Posted on September 21, 2006

Paul A. Pilkonis (bio) shares his thoughts on supporting early-career researchers.


I think the critical thing for young people is to try to create arrangements for themselves that give them good and stable support over the initial stages of their career. I think what people need, given the long-term perspective we were talking about a minute ago, is some assurance that they can lead a reasonable life over the next five to eight to 10 years in a way that allows them to feel accomplished, that builds their sense of self-efficacy as researchers, as academicians, as scholars, and whether that's at the most prominent research institutions or at other places that encourage a mix of clinical and research activities - places, perhaps that provide only opportunities for teaching and secondhand awareness of some of these research activities, so be it.

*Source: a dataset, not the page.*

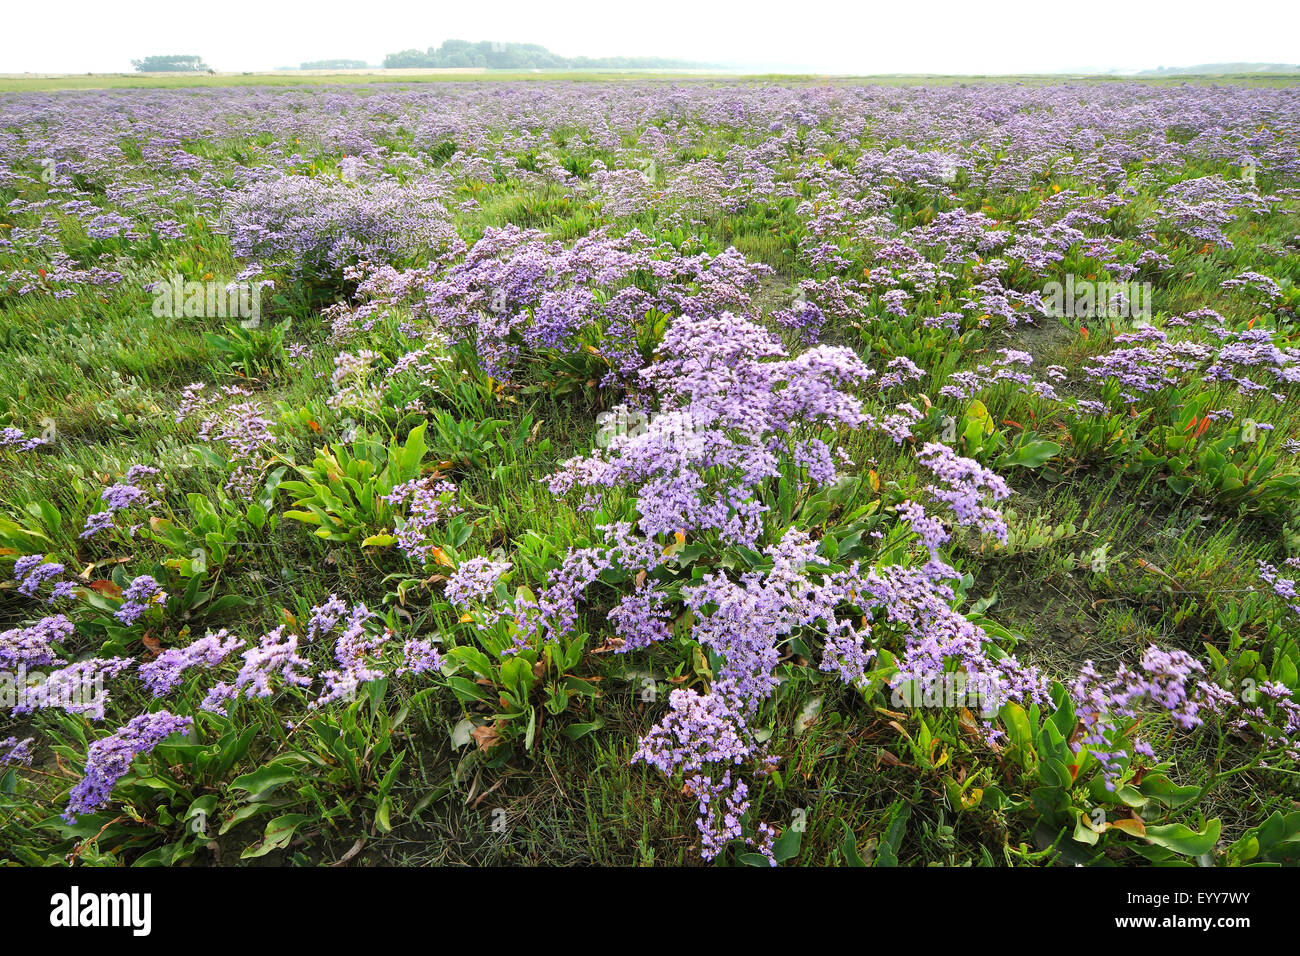 common sea-lavender, mediterranean sea-lavender (Limonium vulgare), large areal with flowering common sea-lavender, Belgium, Zwin nature reserve Stock Photo

But I think it's very hard for people to live lives that they feel are constantly in flux, particularly after a long period of training. And I think we should be trying to create circumstances that allow people early in life not just to have just a year or two of funding but probably a 10-year window in order to get launched. Without some assurances in that regard, I think people fall off the academic merry-go-round period. And the academic and clinical worlds get polarized as a result.

So I think the critical thing we ought to be aspiring for both on the personal side and the institutional side is how can you work with people over long periods of time to provide that kind of attachment, stability, support? It gives them the opportunity to be productive.